Nolan Hout, Senior Vice President, Growth, Infopro Learning
Nolan Hout is the growth leader and host of this podcast. He has over a decade of experience in the Learning & Development (L&D) industry, helping global organizations unlock the potential of their workforce. Nolan is results-driven, investing most of his time in finding ways to identify and improve the performance of learning programs through the lens of return on investment. He is passionate about networking with people in the learning and training community. He is also an avid outdoorsman and fly fisherman, spending most of his free time on rivers across the Pacific Northwest.
Are organizations focusing on the wrong thing when they talk about skills? In this episode, Dr. Carl and Nolan explore why performance improvement should begin with clear work outputs, not vague competency frameworks.
- Why focusing on work outputs can be more effective than focusing on skills and competencies.
- The origins of the Six Boxes Model and how it helps diagnose performance issues.
- How behavioral science influenced modern performance improvement practices.
- Why traditional competency frameworks often feel vague and difficult to measure.
- How defining clear work outputs simplifies hiring, onboarding and training design.
- The role of expectations, feedback, tools and consequences in shaping performance.

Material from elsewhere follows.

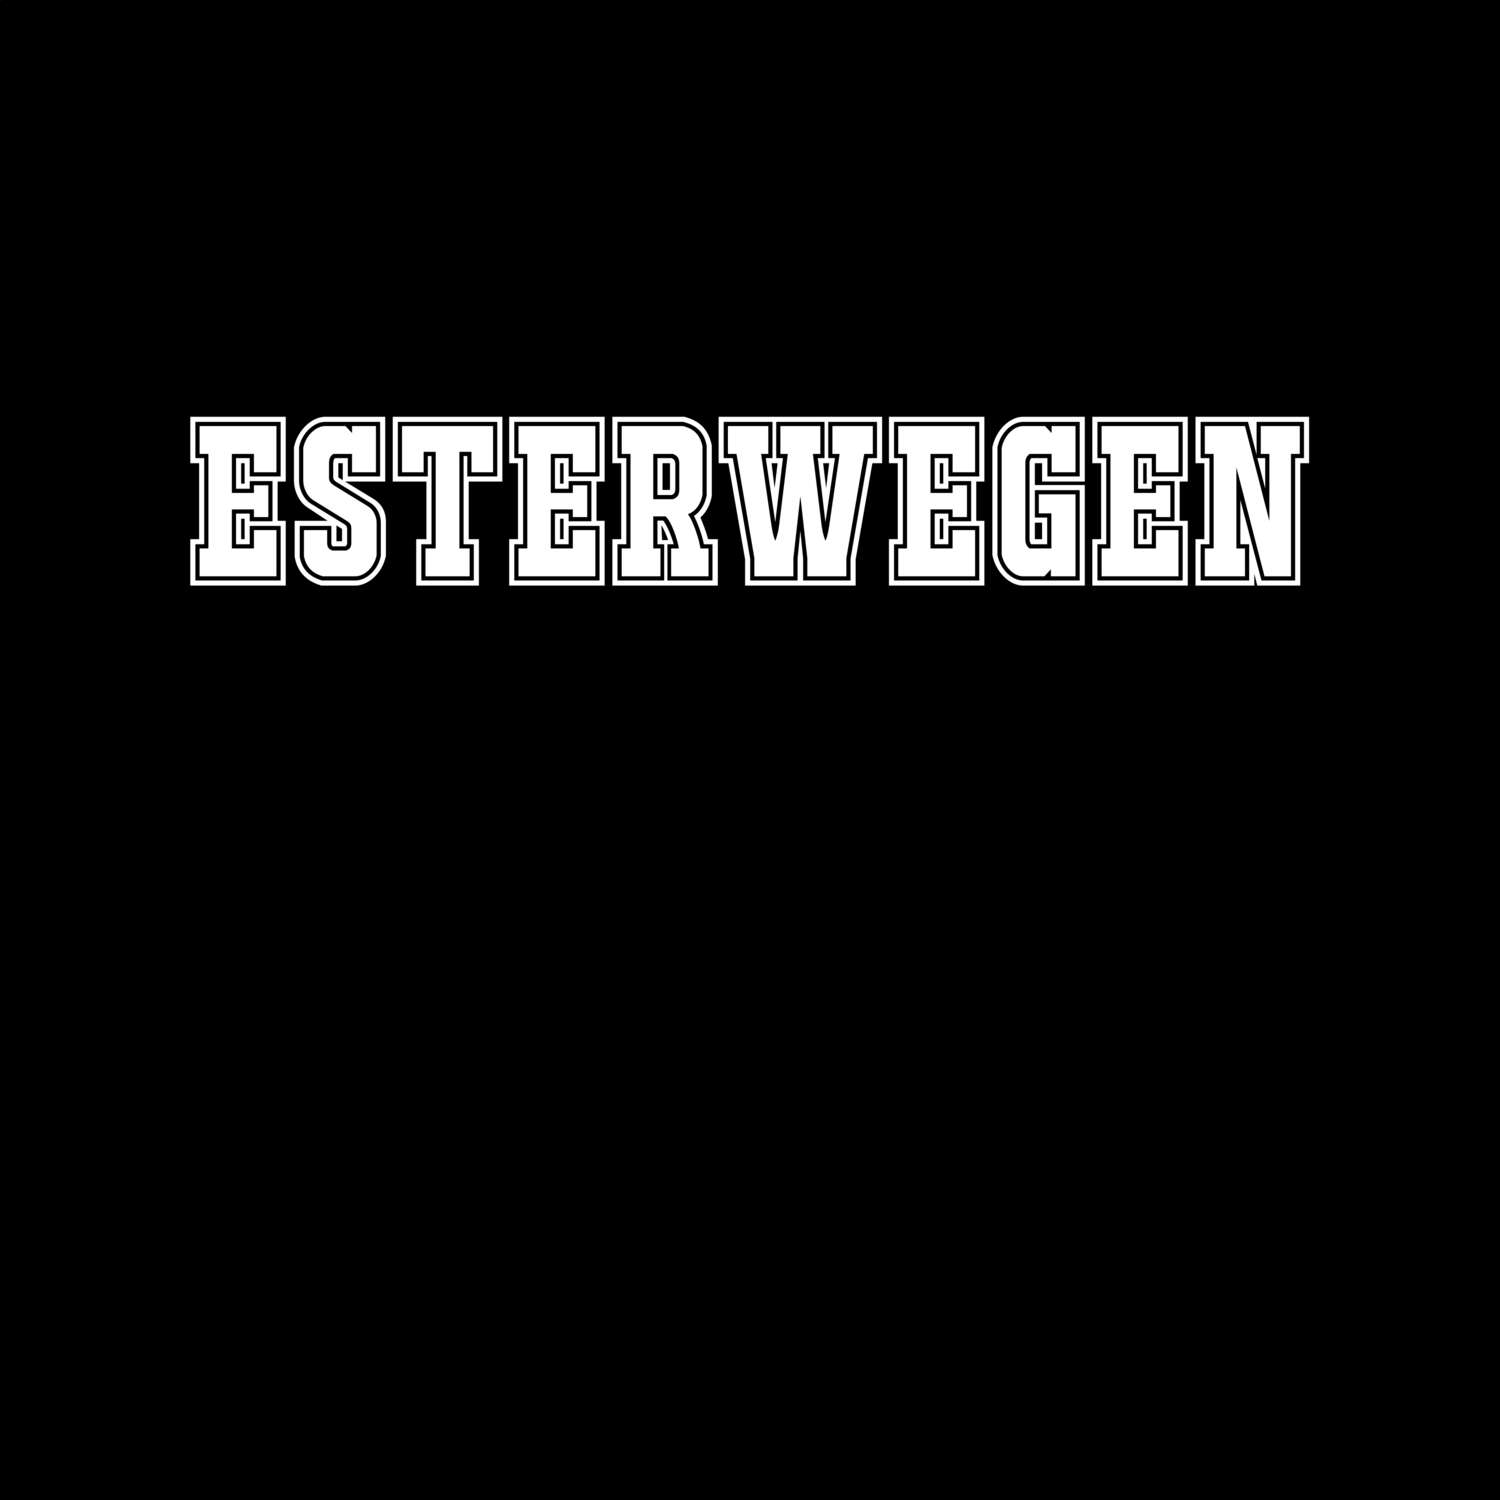 Esterwegen T-Shirt »Classic«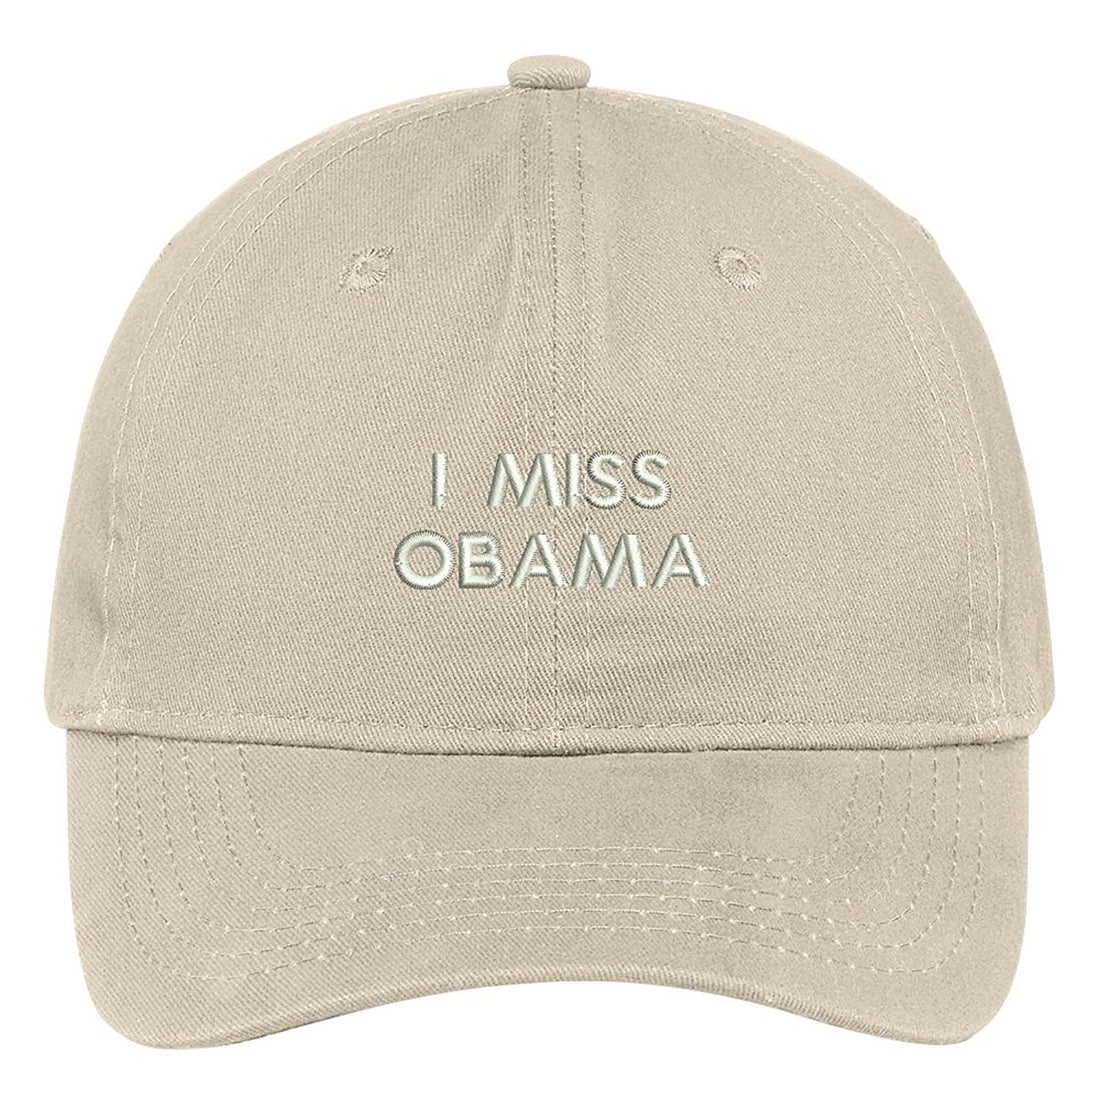 Trendy Apparel Shop I Miss Obama Embroidered Brushed Cotton Dad Hat Cap

- Why do many training initiatives fail to connect directly to business results.
- How AI can accelerate performance analysis and performance consulting.
- Why L&D teams must evolve from training providers into performance consultants.

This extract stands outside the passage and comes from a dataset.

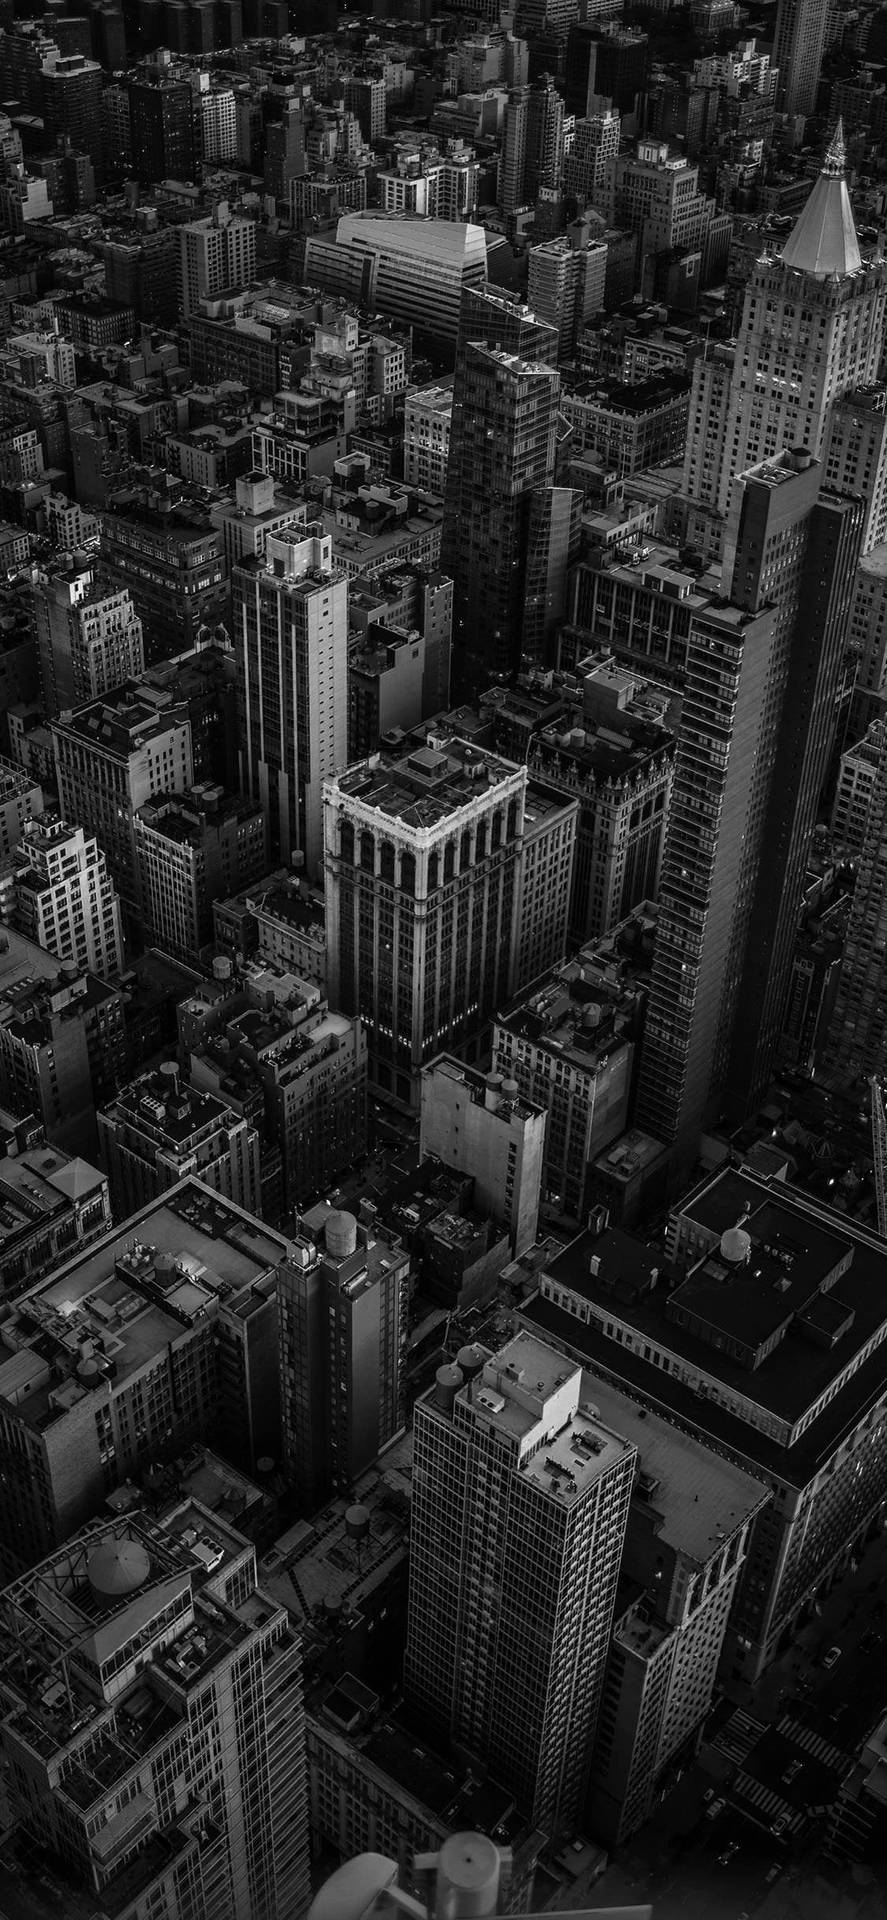 "Skyline of the New York City" Wallpaper

If you want to improve performance, focus on the work outputs people produce. Once you know the outputs, you can work backward to the behavior, tools, and skills needed to produce them.
CEO, The Performance Thinking Network LLC.
Introduction
Nolan: Hello everyone and welcome to the Learning and Development podcast sponsored by Infopro Learning. As always, I’m your host, Nolan. We’ve got a very special guest with us today, Dr. Carl Binder. He’s the CEO of the Performance Thinking Network, who crafted the famous Six Boxes Model. Carl is a prolific author and speaker and has won several awards from organizations like the American Psychological Association, International Society for Performance Improvement, Organizational Behavioral Management Network, and many others.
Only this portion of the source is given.